Policy Analysis for California Education (PACE) and California Office of Reform Education (CORE) sound like official governmental organizations but they are not. Billionaires created these institutions. In 2019, PACE was determined to sell California on growth models. Morgan Polikoff, produced a policy brief stating:
“Based on the existing literature and an examination of California’s own goals for the Dashboard and the continuous improvement system, the state should adopt a student-level growth model as soon as possible. Forty-eight states have already done so; there is no reason for California to hang back with Kansas while other states use growth data to improve their schools.”
Jesse Rothstein, professor of public policy and economics at University of California, Berkeley, ran a verification test and found, “these models indicate large ‘effects’ of 5th grade teachers on 4th grade test score gains.”
There are fundamentally three types of growth models. The gain-model is the least mathematically manipulated model with the least amount of assumptions required. The residual-gain model requires significantly more manipulation and the multivariate model is the most complex, manipulated and opaque of them all.
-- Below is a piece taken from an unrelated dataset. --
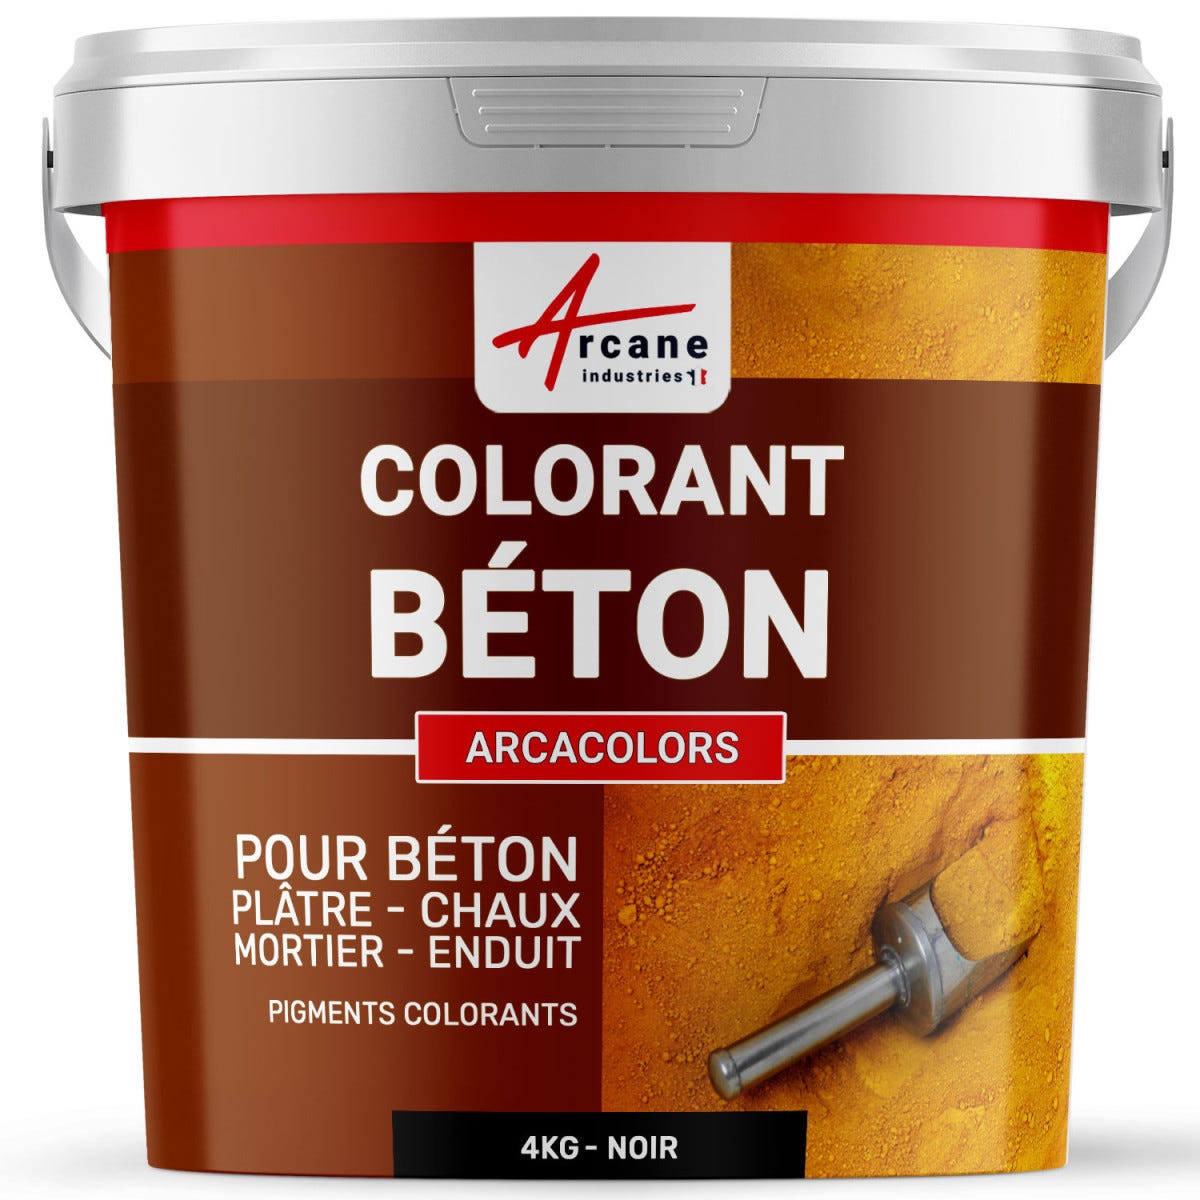 Pigments Colorants Premium pour enduit, béton, mortier, chaux, platre - ARCACOLORS - 4 kg - Noir - ARCANE INDUSTRIES 2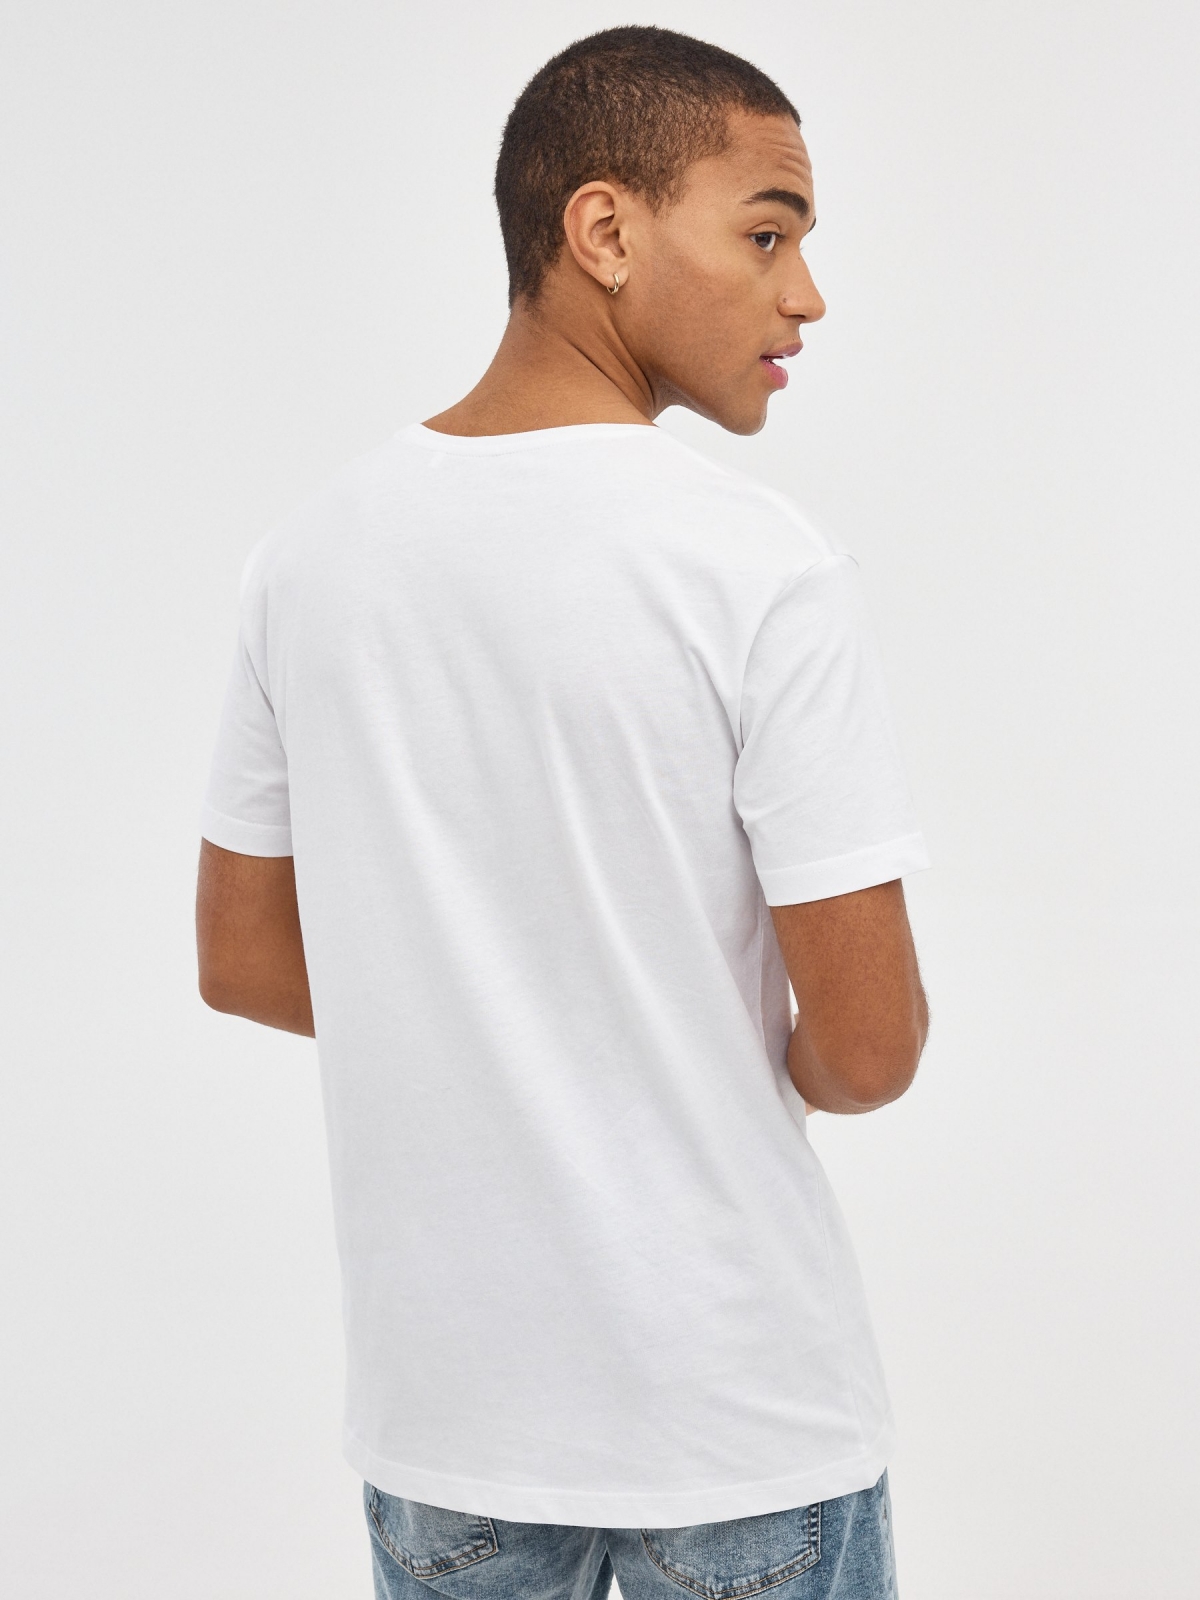 Camiseta básica cuello pico blanco vista media trasera

None of the three models have been decisively shown to provide accurate analysis but strong evidence has emerged that they do not.
All of these models face the same insurmountable problem when modeling testing data, garbage in leads to garbage out.
Conclusions
Polikoff excoriates state education reporting sites for being difficult to navigate and not being standardized.
The education writer, Peter Greene, wrote about Polikoff’s report:
“It’s that same childlike faith that transparency and data will drive the education marketplace towards excellence, which is doomed because A) excellence in education defies transparent data collection (BS Test results are not it) and B) that’s not how the marketplace works, anyway.”
“I’m not sure there is any audience for these sites at all. It’s the kind of thing I think of as a library publication–something that puts down information that needs to be stored somewhere, because it’s important and the odd researcher or historian may want it at some point.”
Billionaires believe in testing because it is an avenue for them to centralize power and exert greater control over public education. Growth models, which are opaque and force us to accept mathematics experts like Polikoff, are fueled by bad data. It is part of a two decades long technocratic attack on public schools.
America rose to power in the world because of democratic principles and public education. Selfish and short sighted interests are working to destroy both.